═══ Dataset section ═══

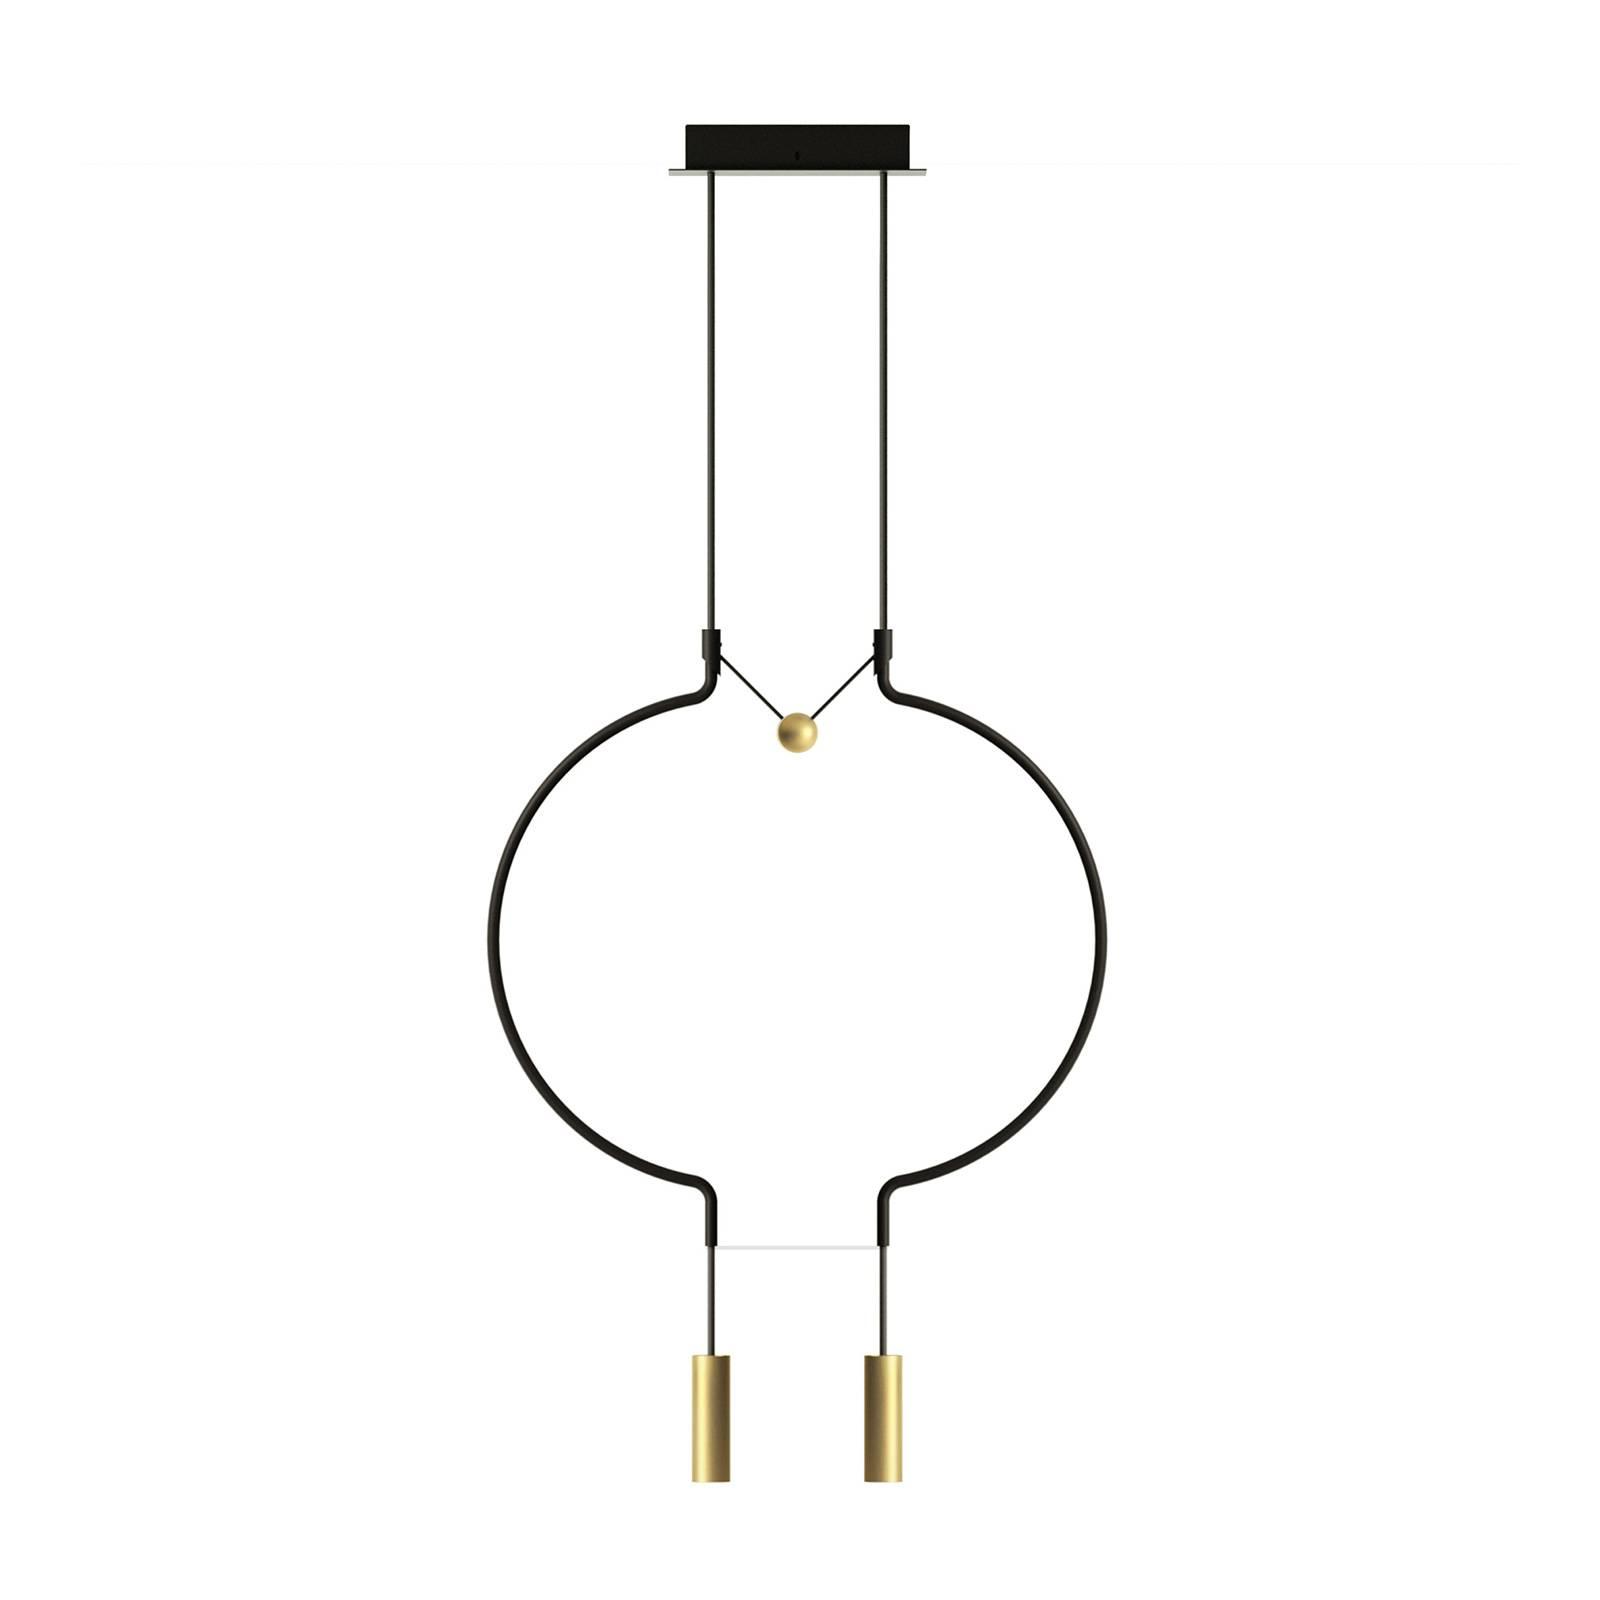 Axolight Liaison P2 riippuvalo musta/kulta 56cm
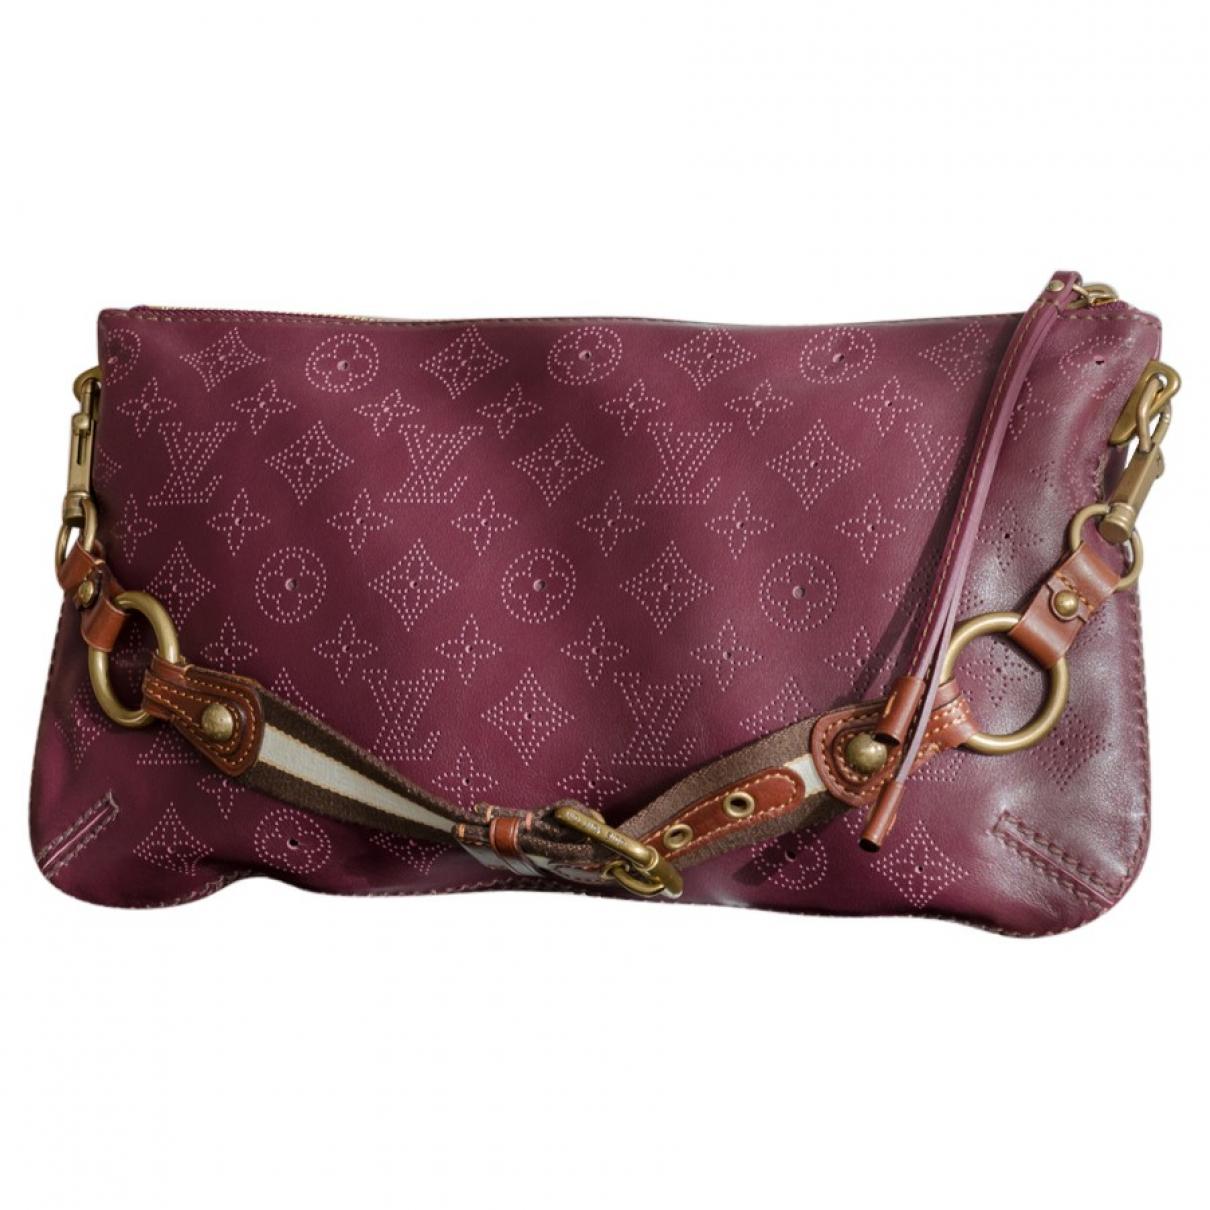 Louis Vuitton - Sac a main Mahina pour femme en cuir
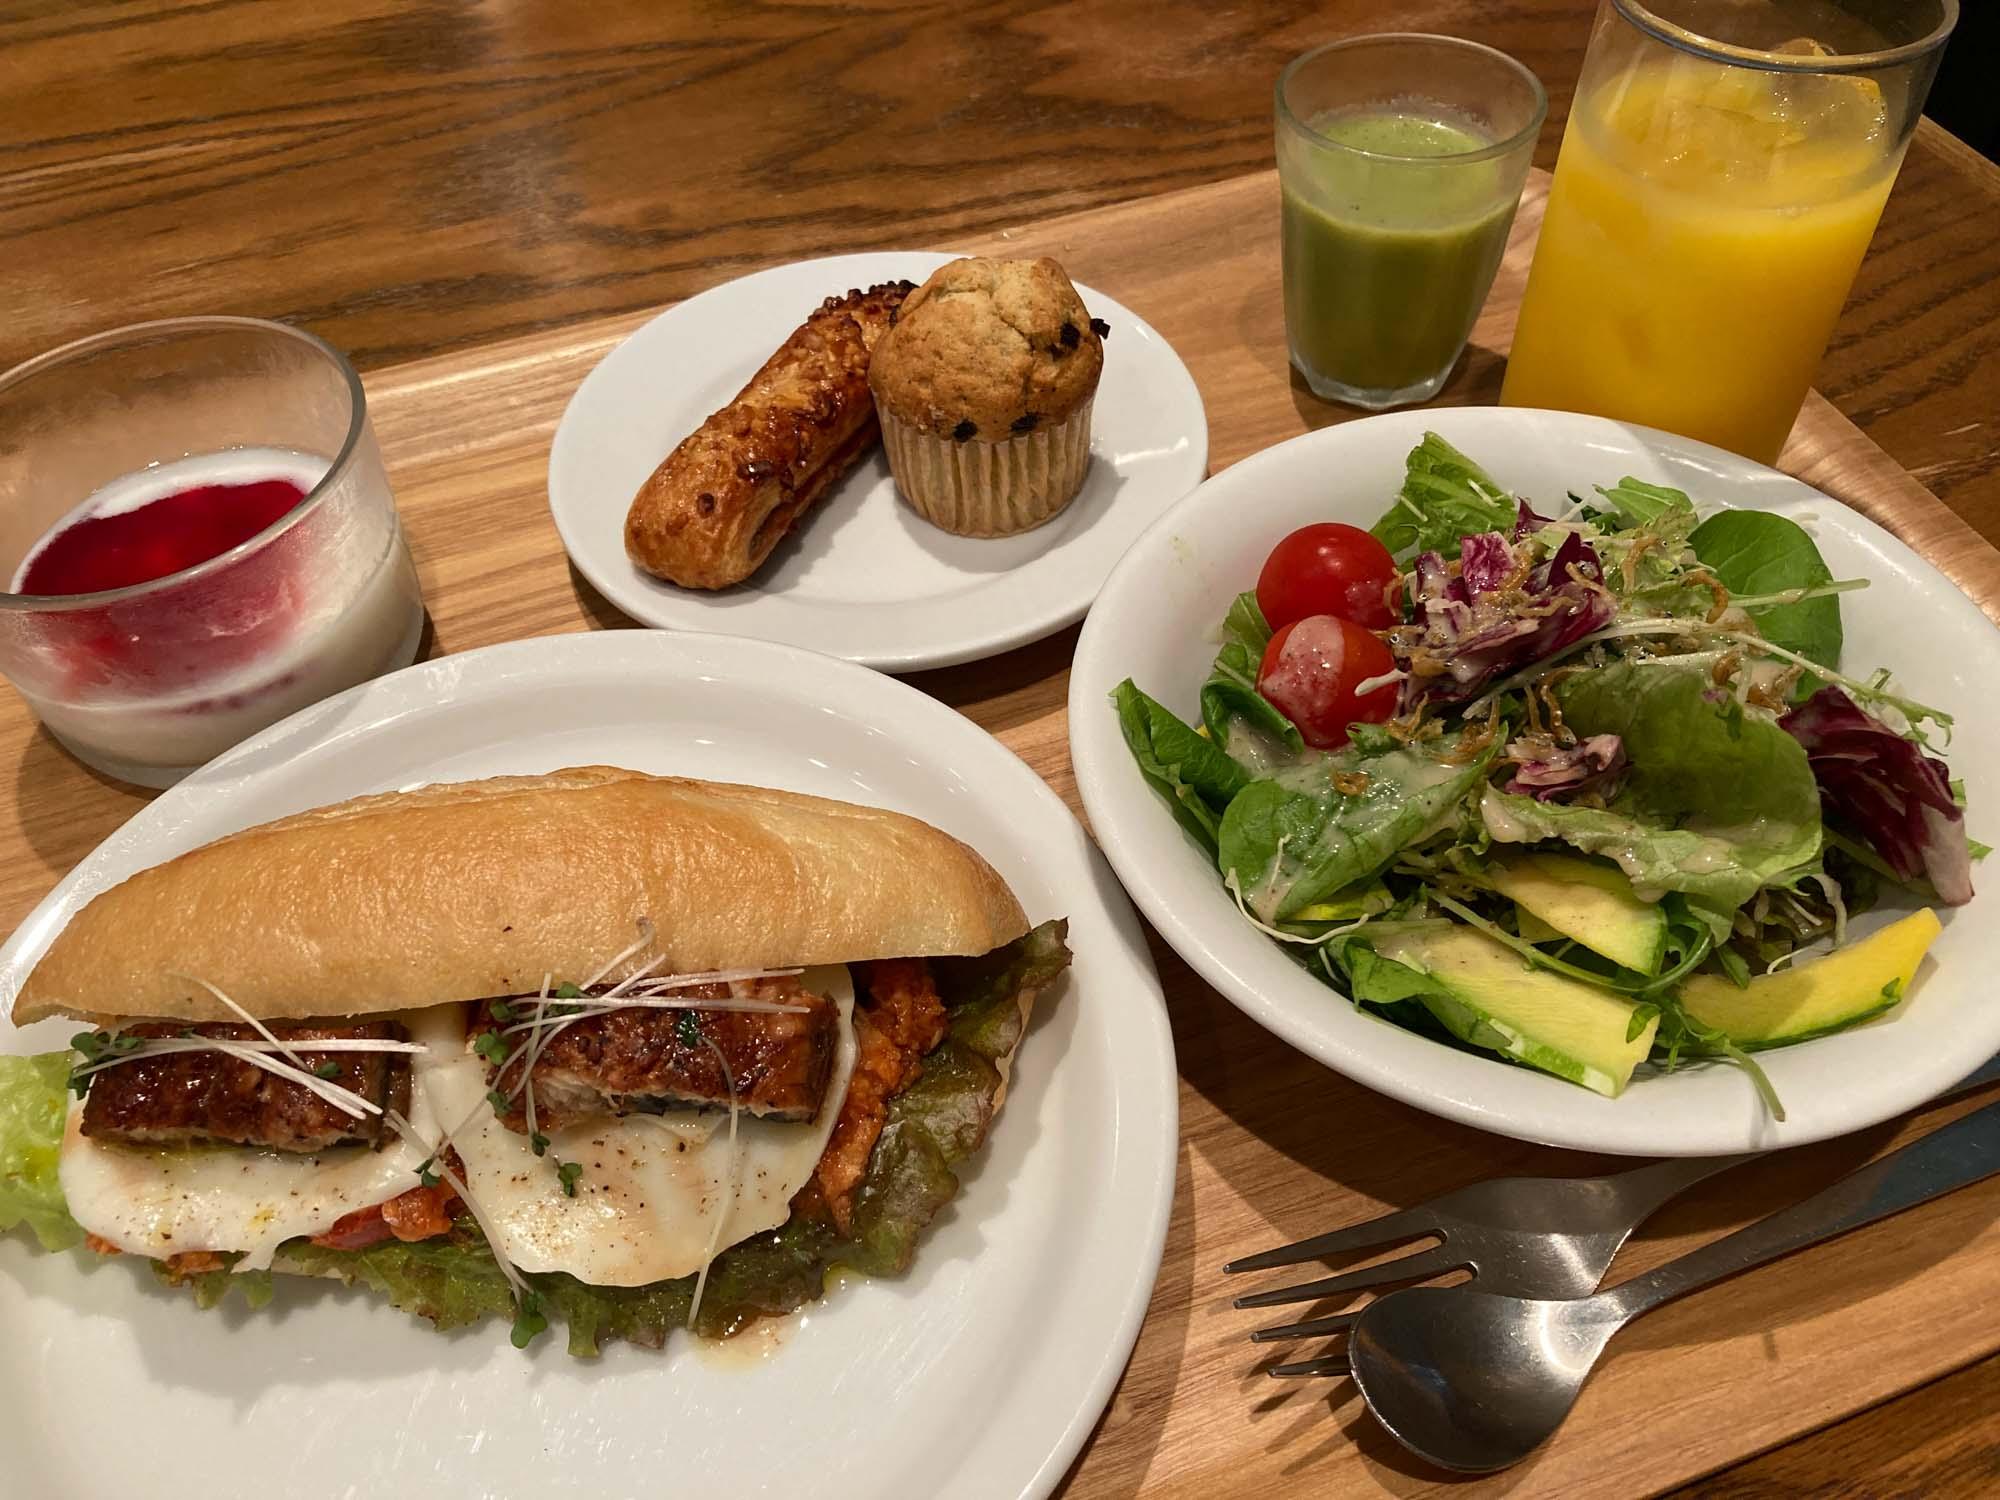 ここでもぜひ、朝食を味わってみてほしい。goodroom journal でも連載してくれている「坂ノ途中」さんの野菜をふんだんに使ったサンドイッチやサラダ、スムージーなど、朝から元気をもらえる盛りだくさんな内容です。

═══

Write the material out again exactly. Do not include the pictures.

# Task result
 Axolight Liaison P2 riippuvalo musta/kulta 56cm
 Louis Vuitton - Sac a main Mahina pour femme en cuir
 ここでもぜひ、朝食を味わってみてほしい。goodroom journal でも連載してくれている「坂ノ途中」さんの野菜をふんだんに使ったサンドイッチやサラダ、スムージーなど、朝から元気をもらえる盛りだくさんな内容です。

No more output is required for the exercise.